What you will do: Where the lines below hold images, skip those and copy every word exactly.

Data provided:

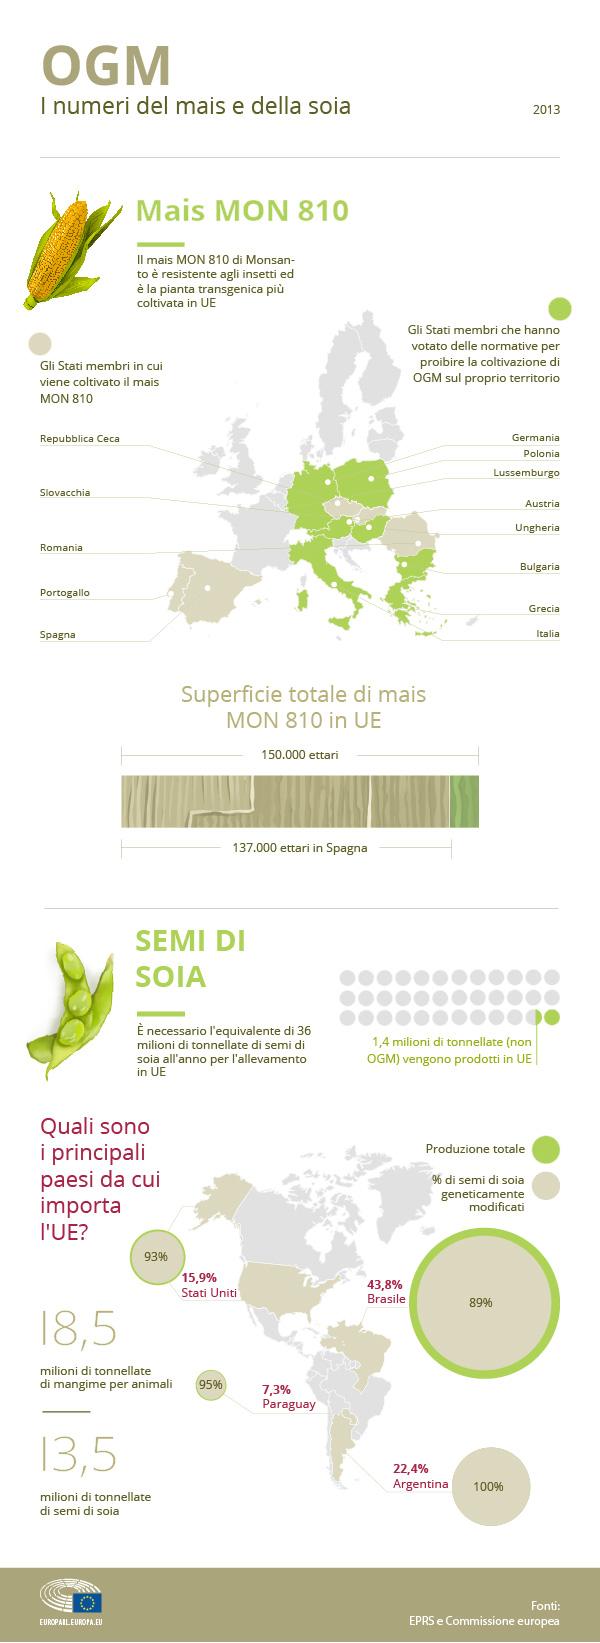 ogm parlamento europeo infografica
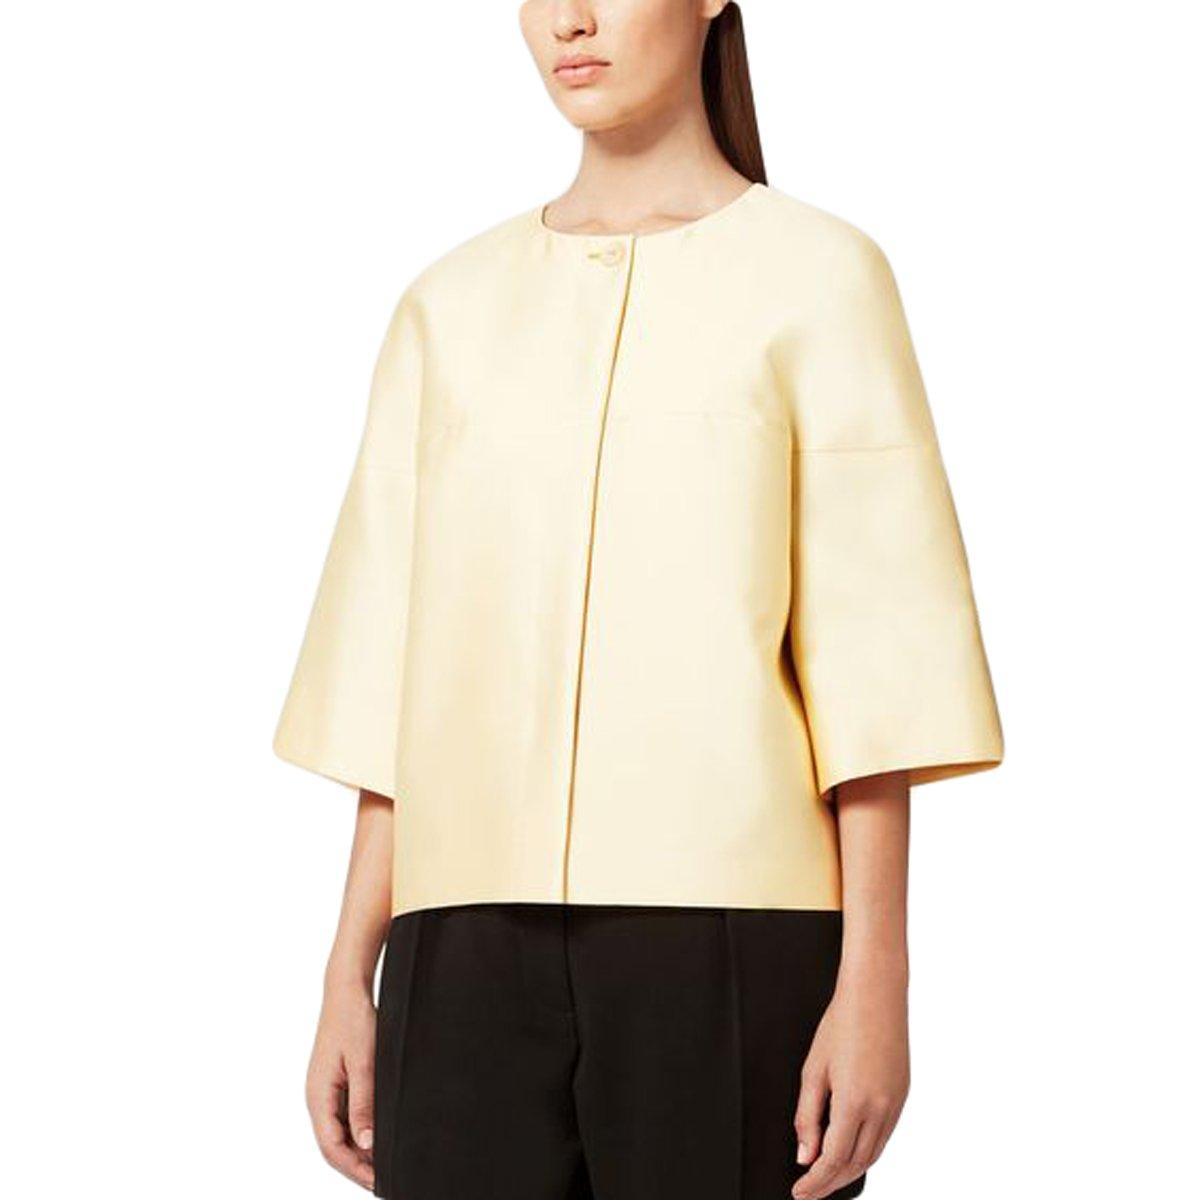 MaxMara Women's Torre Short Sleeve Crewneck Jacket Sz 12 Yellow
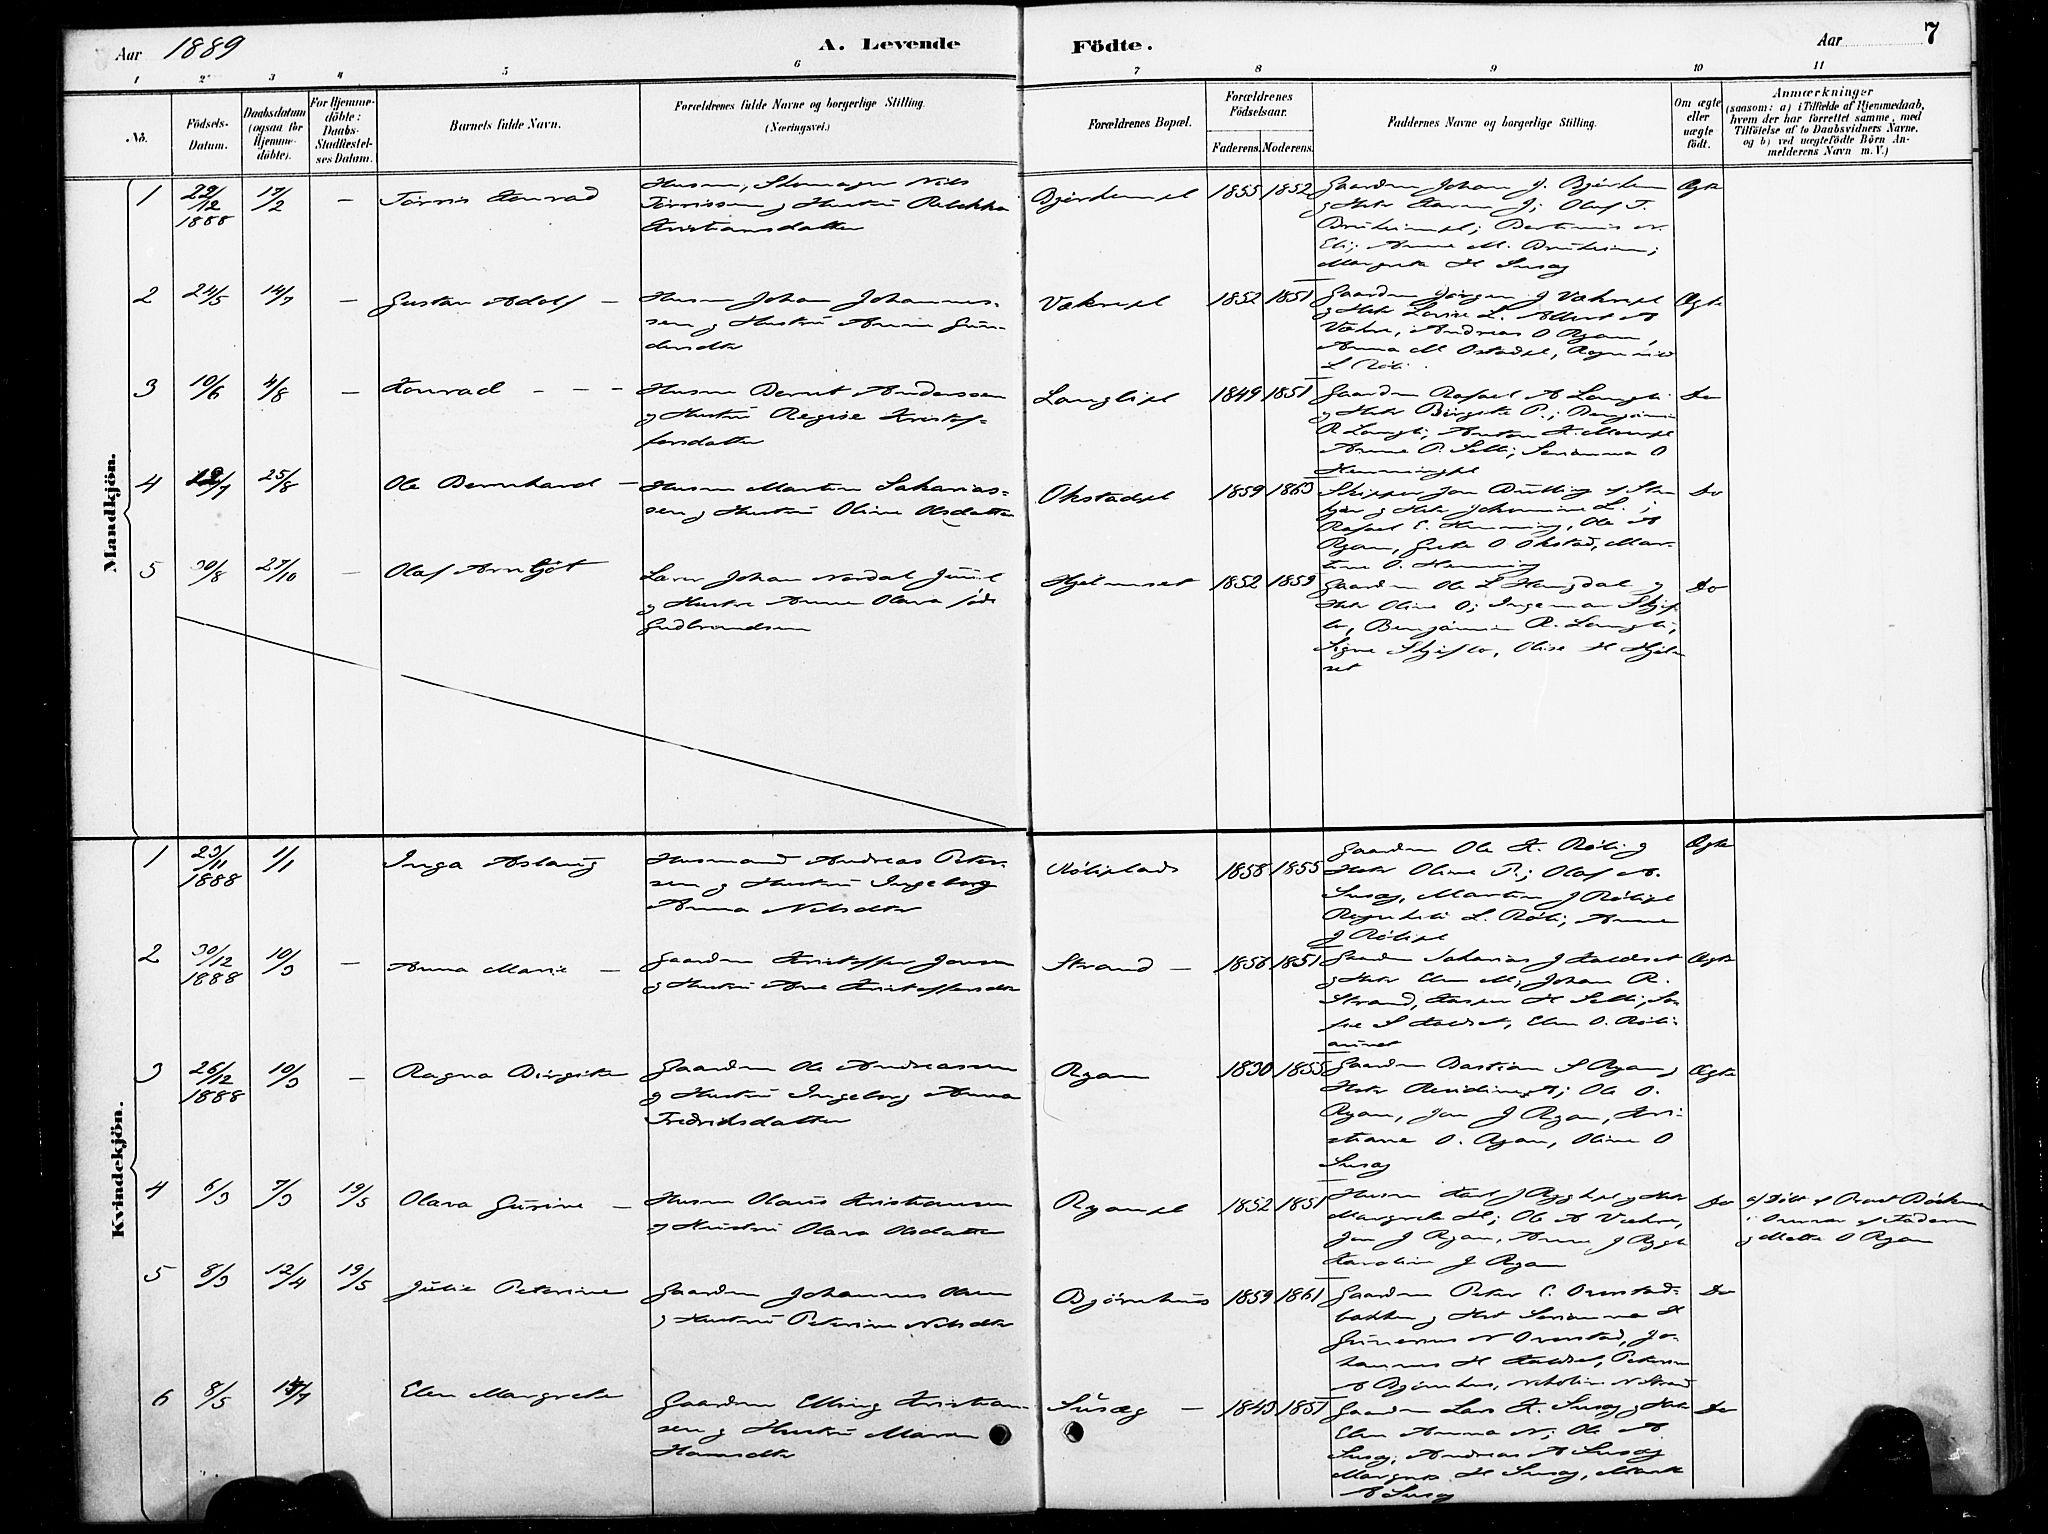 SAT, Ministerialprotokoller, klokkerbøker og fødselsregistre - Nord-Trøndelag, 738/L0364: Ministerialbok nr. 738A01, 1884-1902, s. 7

Answer for this exercise:
 ogm parlamento europeo infografica
 MaxMara Women's Torre Short Sleeve Crewneck Jacket Sz 12 Yellow
 SAT, Ministerialprotokoller, klokkerbøker og fødselsregistre - Nord-Trøndelag, 738/L0364: Ministerialbok nr. 738A01, 1884-1902, s. 7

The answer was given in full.